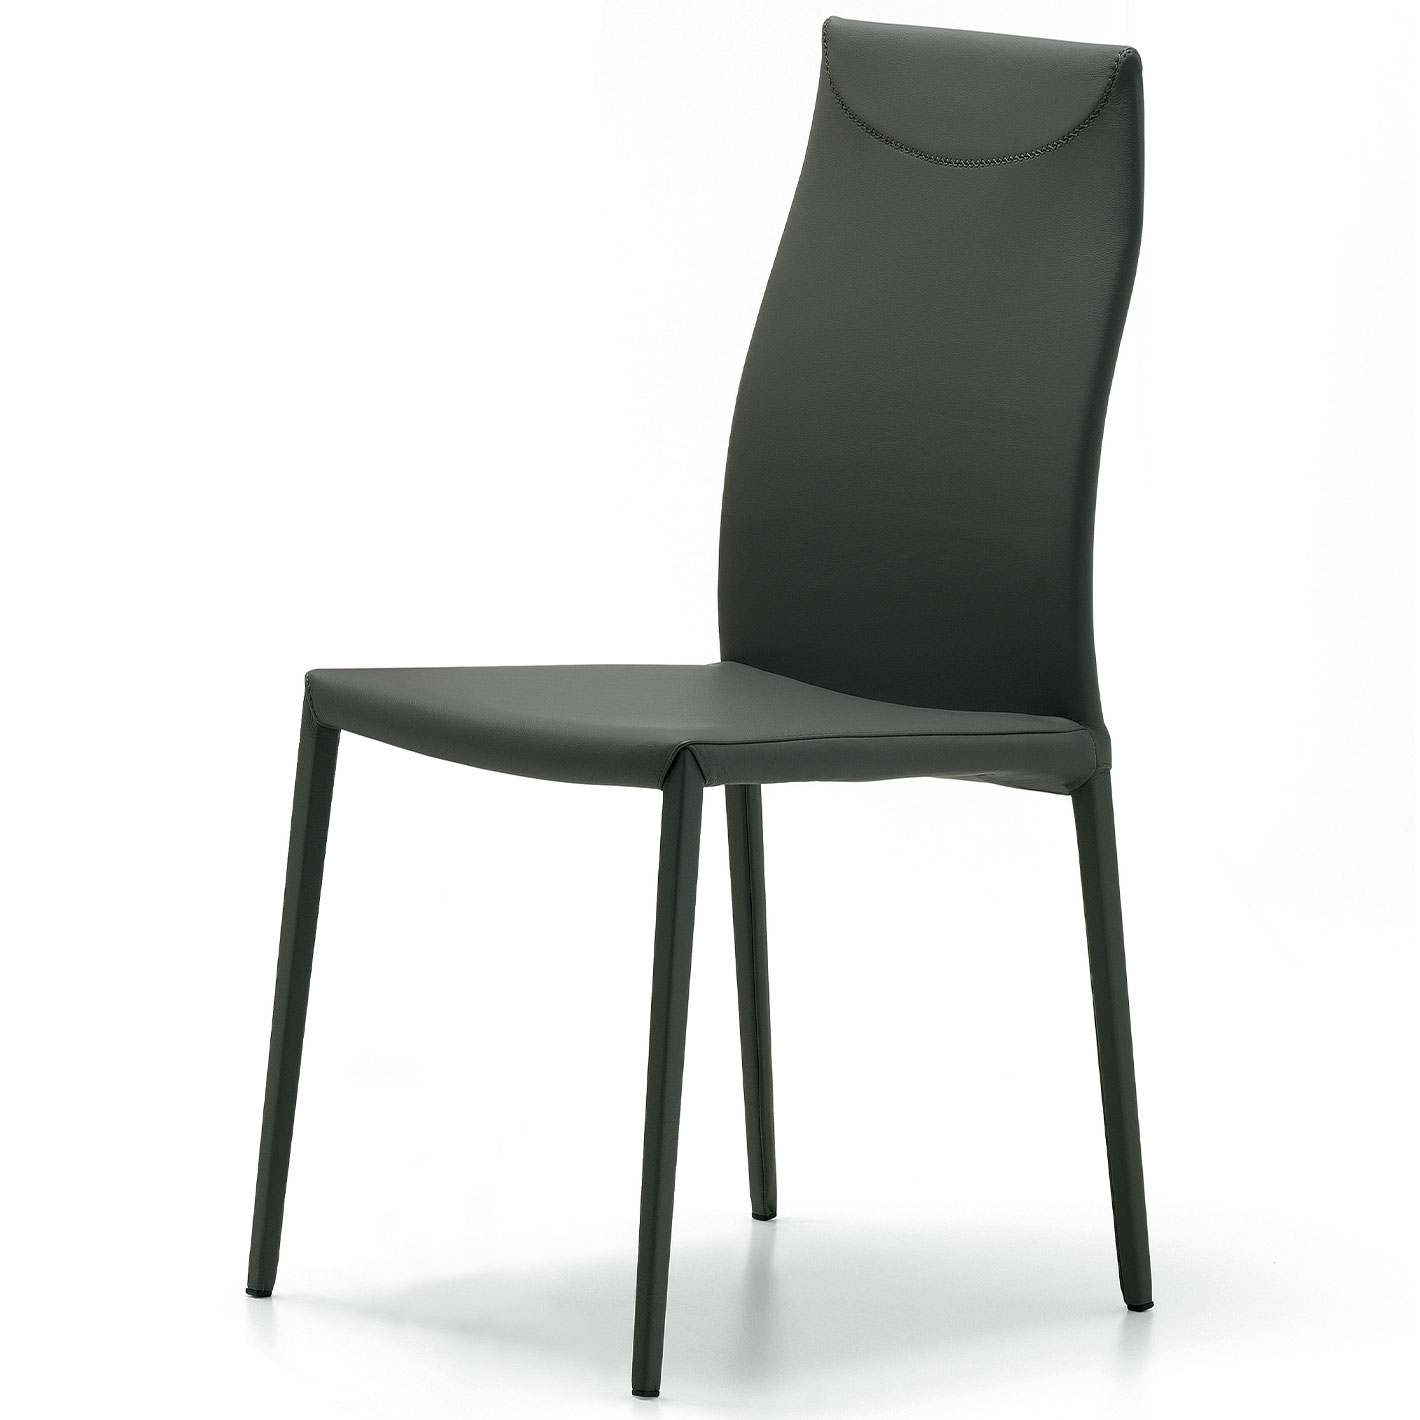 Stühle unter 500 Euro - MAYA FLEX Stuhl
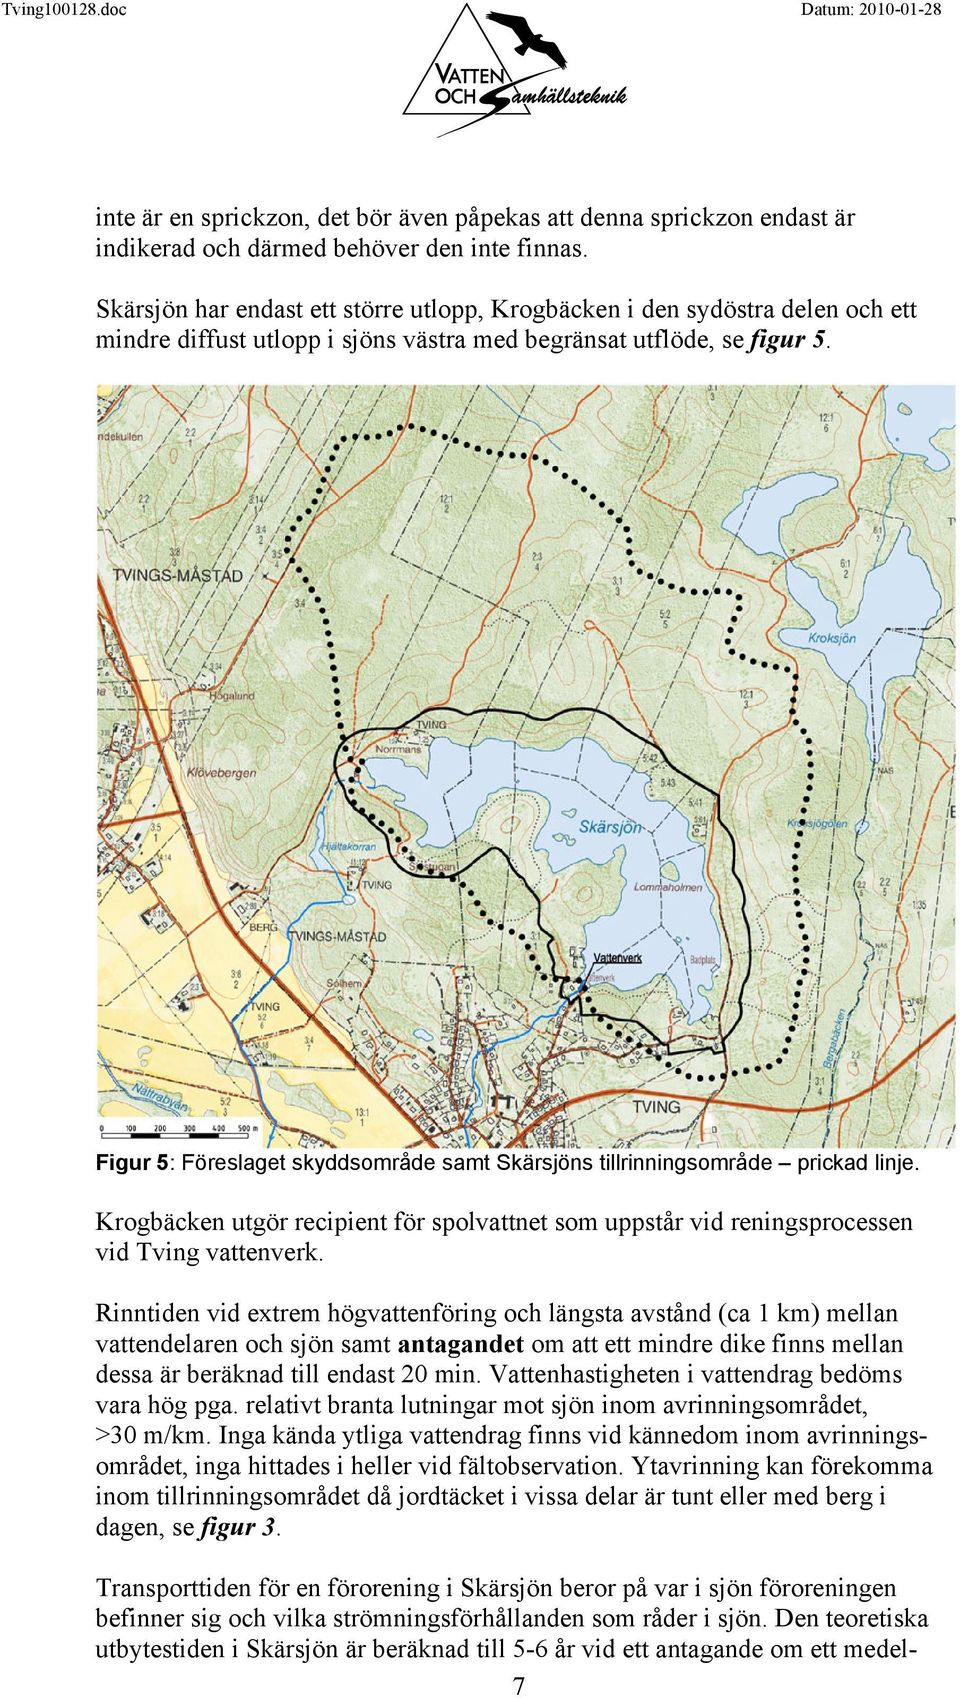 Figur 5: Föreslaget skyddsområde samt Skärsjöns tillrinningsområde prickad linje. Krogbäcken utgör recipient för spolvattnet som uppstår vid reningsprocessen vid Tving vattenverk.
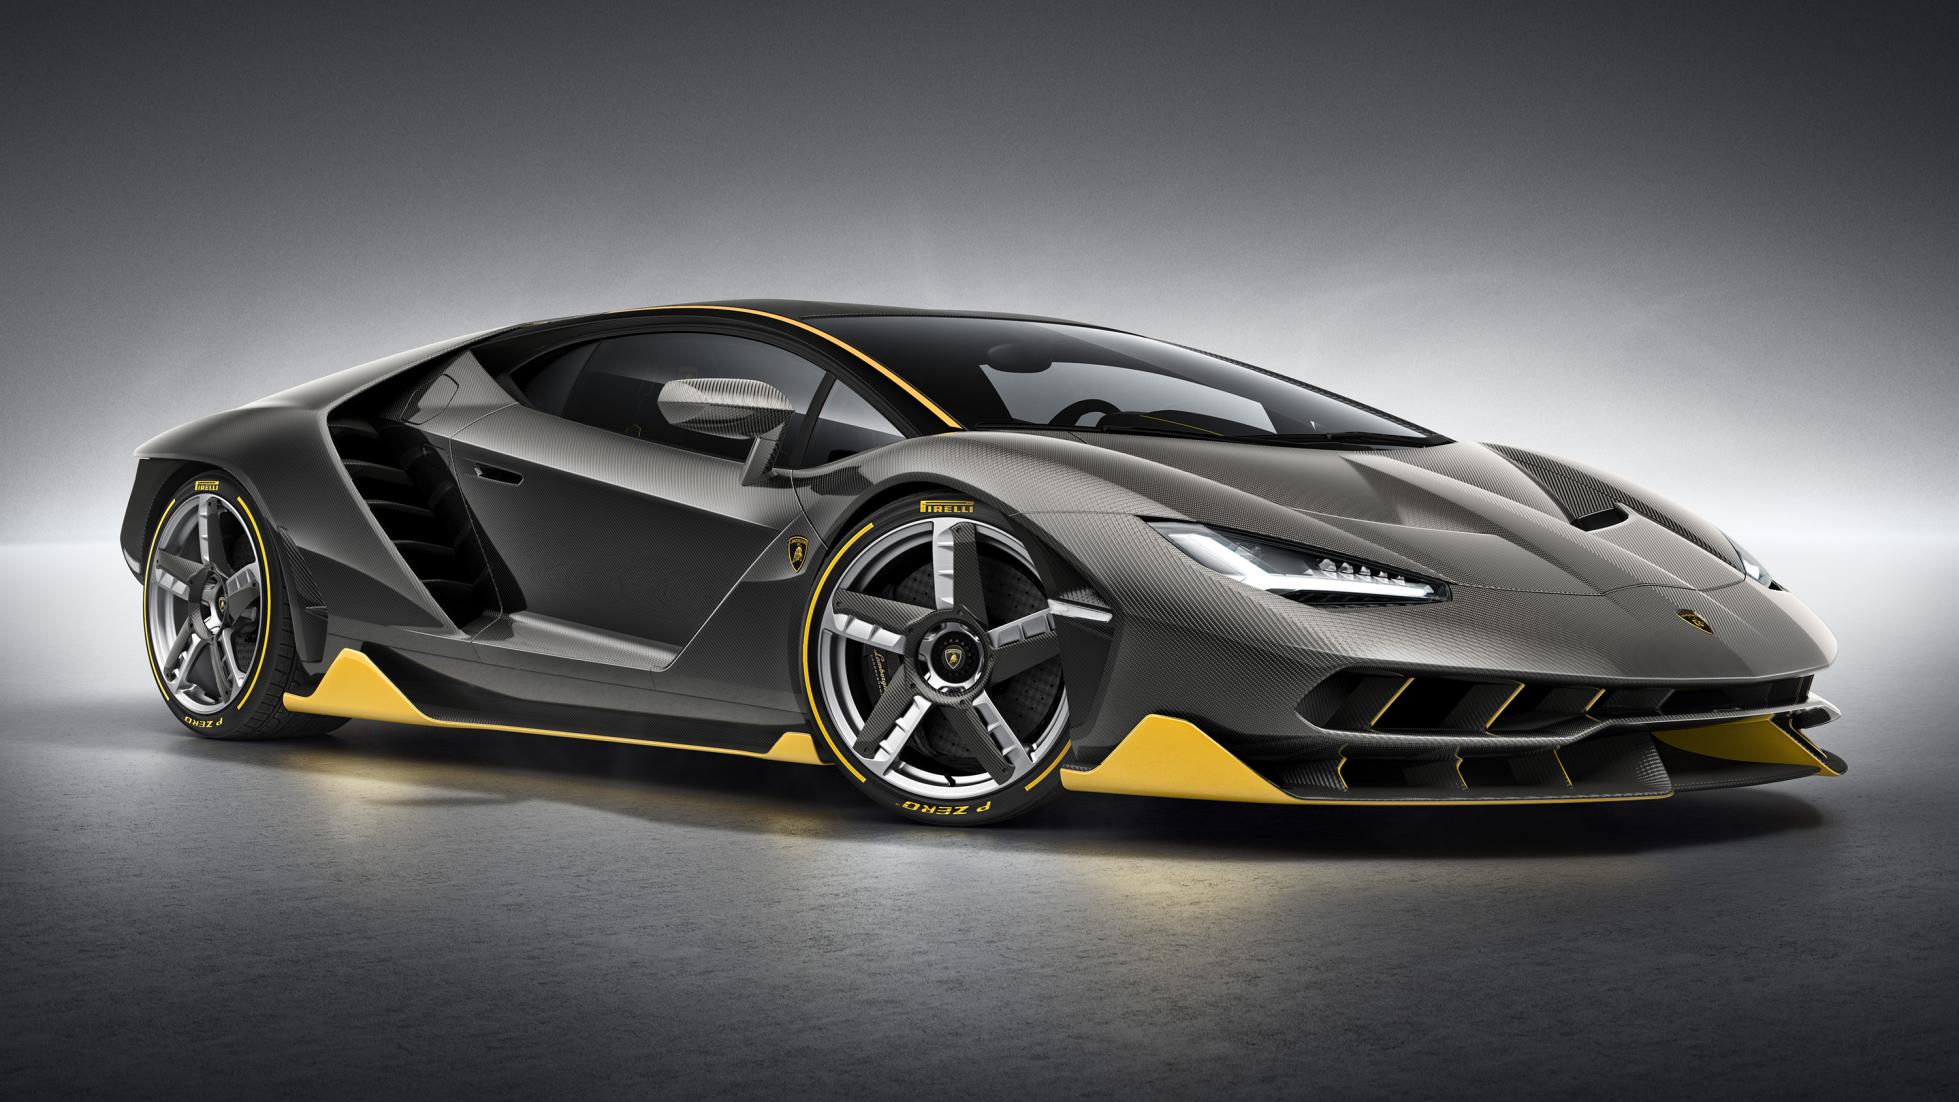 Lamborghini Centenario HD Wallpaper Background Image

EXERCISE BRIEF =>
Would you write out the material above in full, exactly as given, except for its pictures?

RESPONSE AREA =>
 Stühle unter 500 Euro - MAYA FLEX Stuhl
 Figur 5: Föreslaget skyddsområde samt Skärsjöns tillrinningsområde prickad linje. Krogbäcken utgör recipient för spolvattnet som uppstår vid reningsprocessen vid Tving vattenverk.
 Lamborghini Centenario HD Wallpaper Background Image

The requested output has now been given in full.